The opportunity to accelerate progress, the report says, lies in completing the transition to country-led service delivery that:

– draws on all available capacity – civil society, private, public and consumers – to implement and sustain services; and

– harmonizes and aligns aid flows with domestic and user finance, routed through country systems and institutions.

“Countries in Africa are at different stages of being able to deliver progress towards the 2015 water and sanitation goals for improved water and sanitation access, said World Bank Director for Transport, Water, and Information & Communication Technologies Jose Luis Irigoyen. Within countries, the sub-sectors (rural water, urban water, rural sanitation, urban sanitation) are at different stages of evolution, making it a challenge to target the right form of development assistance to the right place. This report provides an innovative look at the bottlenecks in subsector service delivery pathways within countries and offers recommendations on how to fill that gap.”

The report offers action steps to closing the gap.
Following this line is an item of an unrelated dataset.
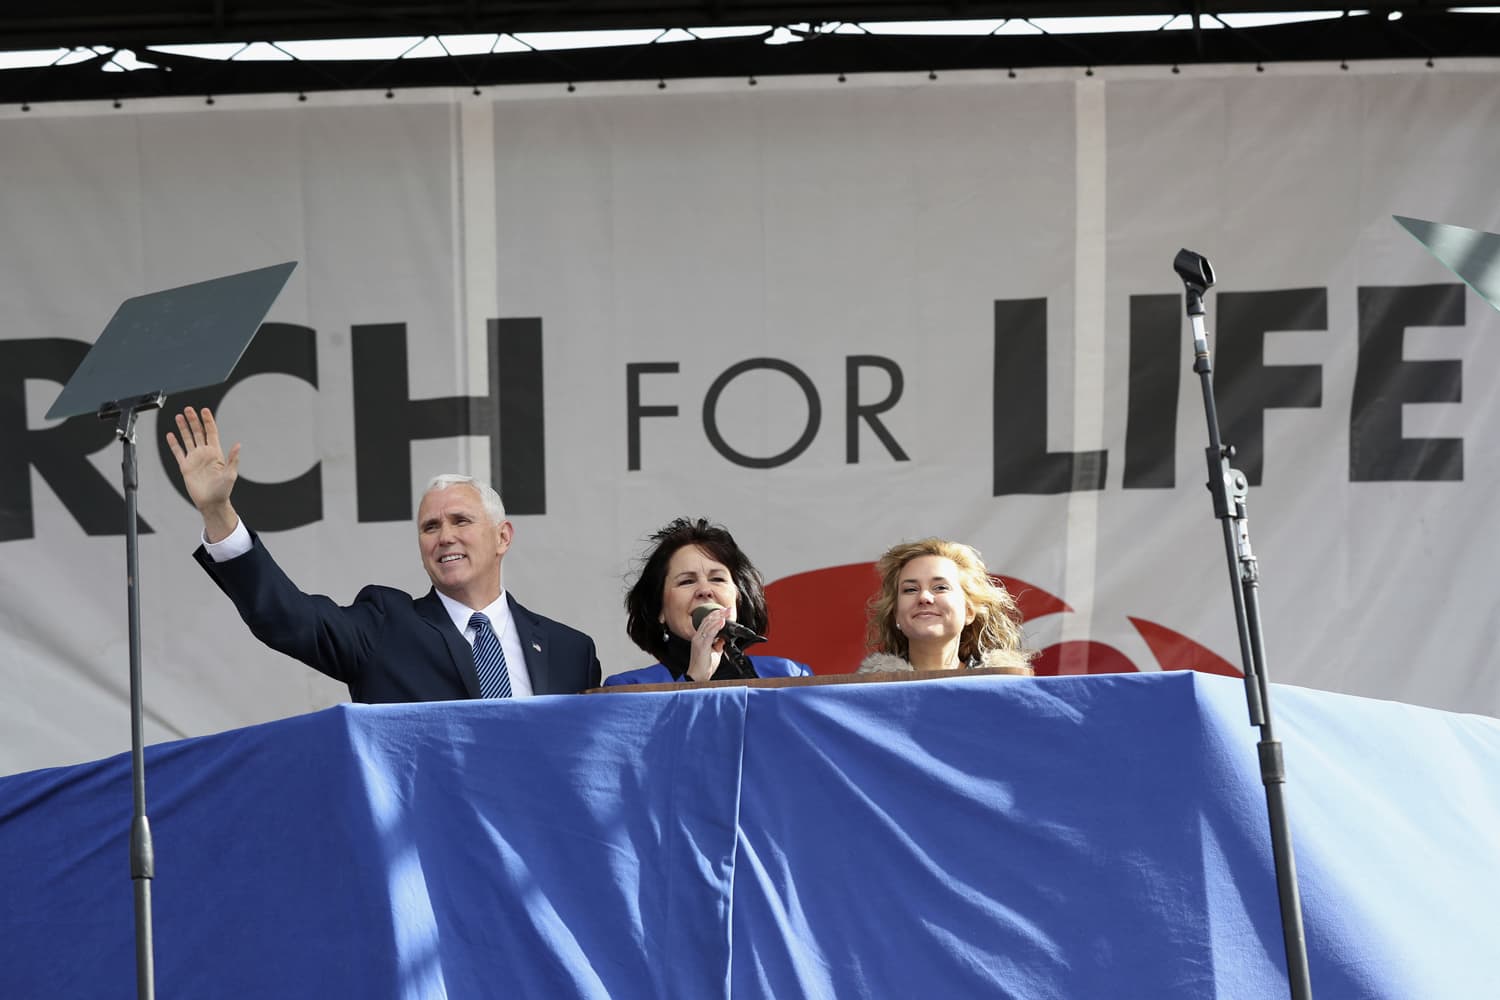 Vice President Mike Pence, with his wife Karen Pence, center, waves while speaking at the March for Life on the National Mall in Washington. (Manuel Balce Ceneta/AP)

Water-related ministries can put in place and strengthen country-led, nationwide service delivery and use appropriate analyses and studies as evidence in advocating for needed financing.

Development partners can respond to needs and reward efforts by tailoring technical assistance and aid modalities to the various stages of development outlined in the report.

Ministries of finance can incrementally increase the sector s share of the domestic budget to 5 percent of domestic revenue and collaborate with water and sanitation ministries to link sector processes with core-government systems like budget and expenditure management.

Finally the African Ministers Council on Water can advocate for enhanced external support for water supply and sanitation and foster regional learning among peers.

The report was commissioned by the African Ministers Council on Water. Development was led by WSP in collaboration with the African Development Bank, the United Nations Children s Fund, the World Bank and the World Health Organization. The report was prepared in consultation with the governments of the countries studied and other stakeholders.

The Water and Sanitation Program (WSP) is a multi-donor partnership administered by the World Bank to support poor people in obtaining affordable, safe, and sustainable access to water and sanitation services. WSP s donors include Australia, Austria, Canada, Denmark, Finland, France, the Bill & Melinda Gates Foundation, Ireland, Luxembourg, Netherlands, Norway, Sweden, Switzerland, United Kingdom, United States, and the World Bank.